Run 75441 comments on the WTO and US stimulus spending (lifted from comments):
Lori Wallach, Director of Public Citizens Global Trade Watch did a recent (March 12, 2009) report to the subcommittee on Terrorism, Nonproliferation, and Trade, “US Foreign Economic Policy in the Global Crisis.” Briefly this is what she is saying about banking and trade globally and how we may have signed away our rights.
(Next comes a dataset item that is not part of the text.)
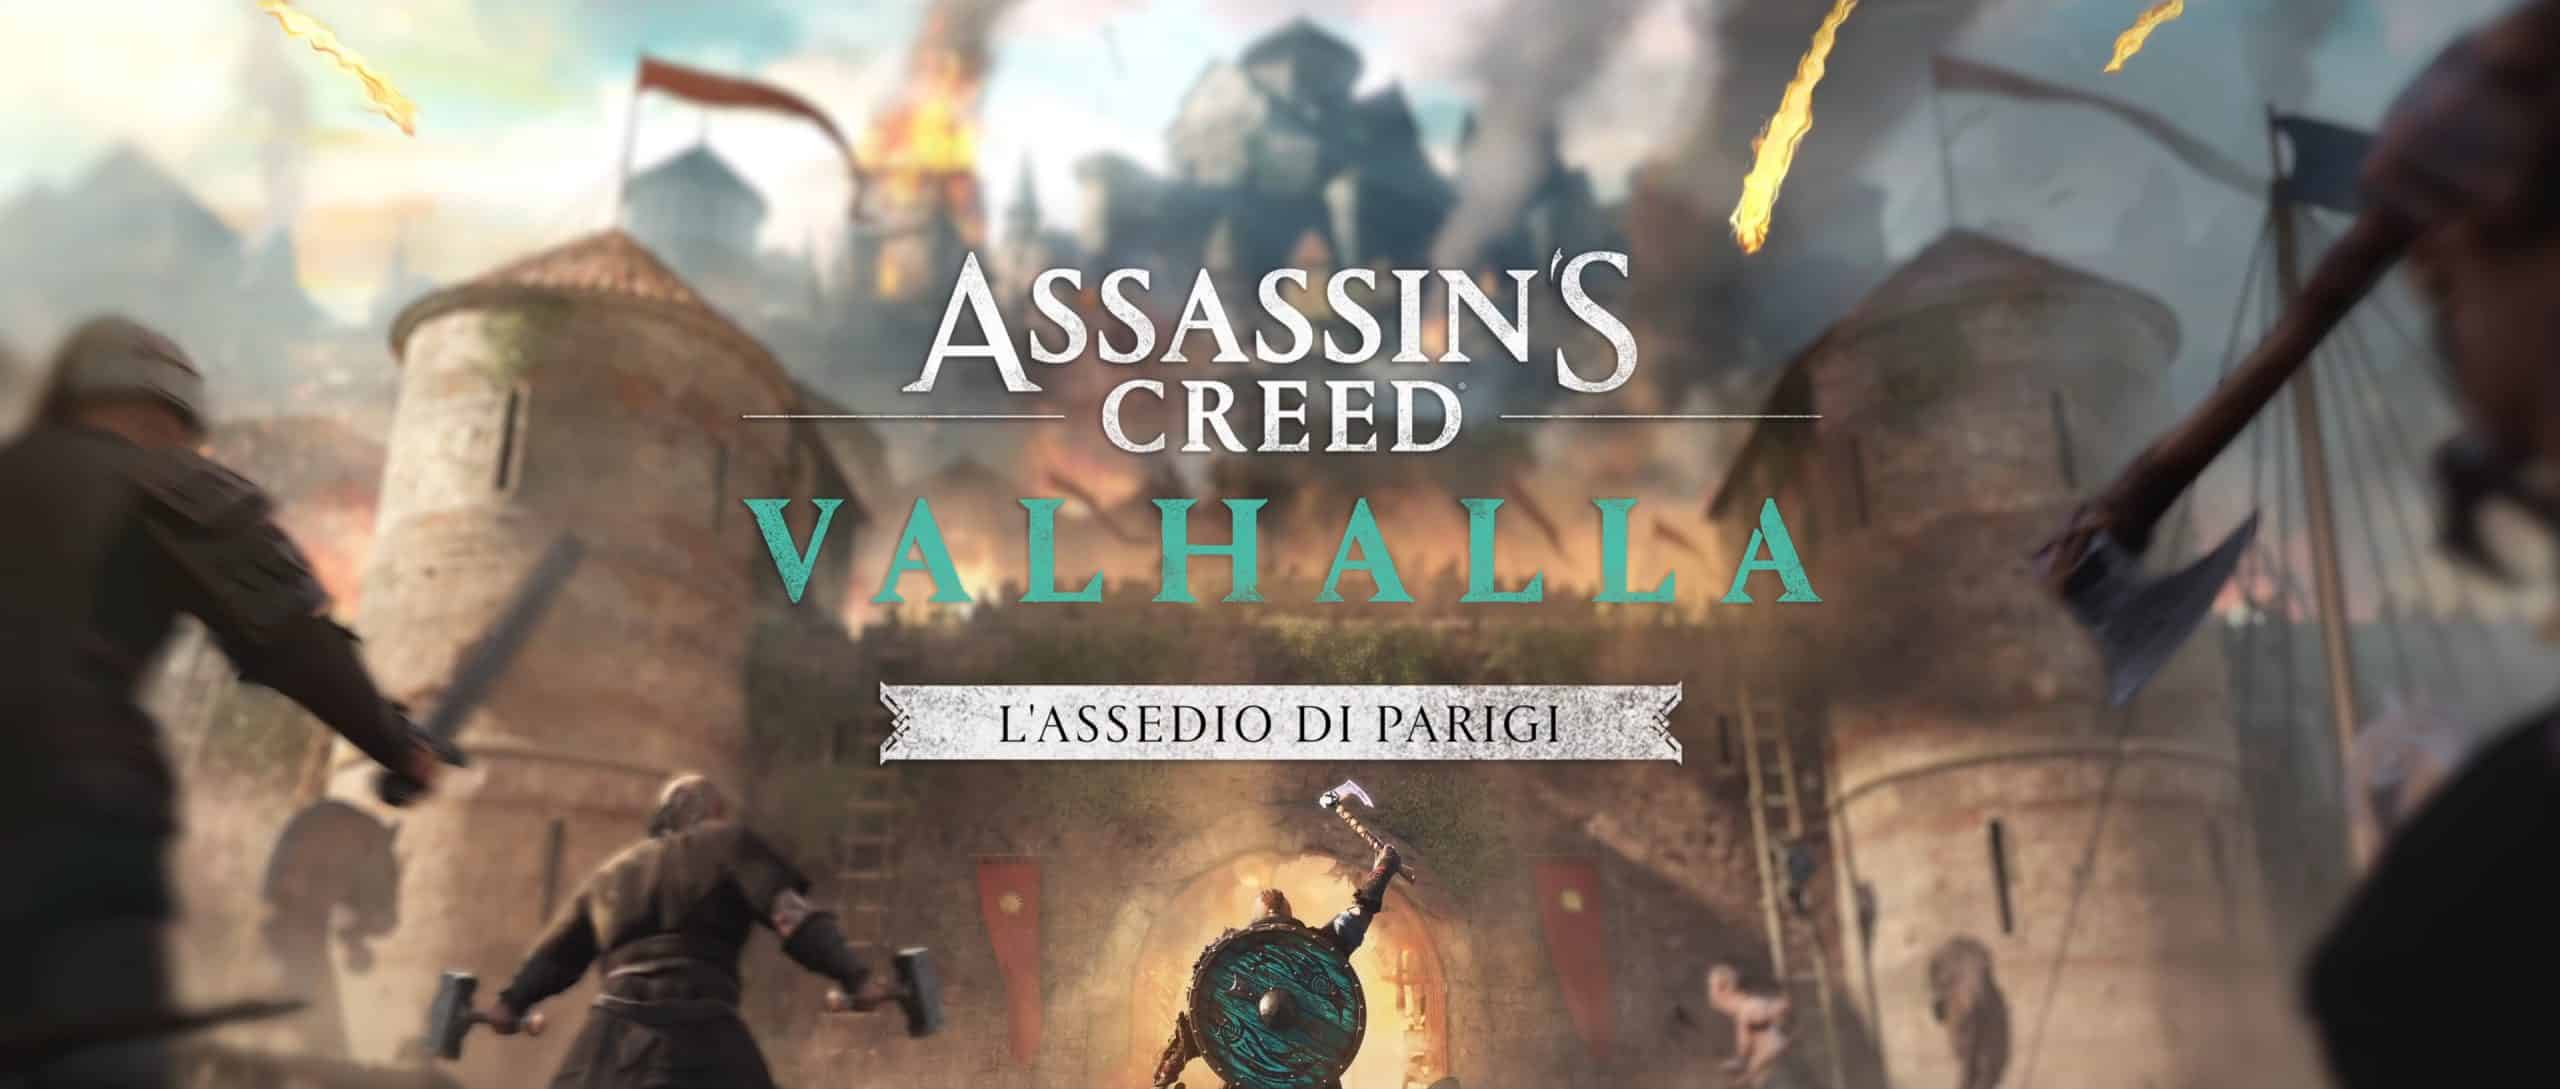 Assassin’s Creed Valhalla:L’assedio di Parigi, data di uscita rivelata?

Obama and company are on a collison course with the WTO and its Financial Service Agreement as signed by 39 countries including the US. By signing such, we have to treat foreign financial institutes as if they were the same as Amerrican banks, etc. Last year’s November Doha meeting was meant to develop a coordinated reponse to the current crisis. I suspect there will be much gnashing of teeth as the Obama reverses the trend of supporting the WTO expansion into domestic banking regulations and limitations. Other countries have excluded certain aspects of the WTO limiting its reach into such areas as well as production. In our push for greater deregulation globally, we instead achieved the control of the global banking and financial system by a few.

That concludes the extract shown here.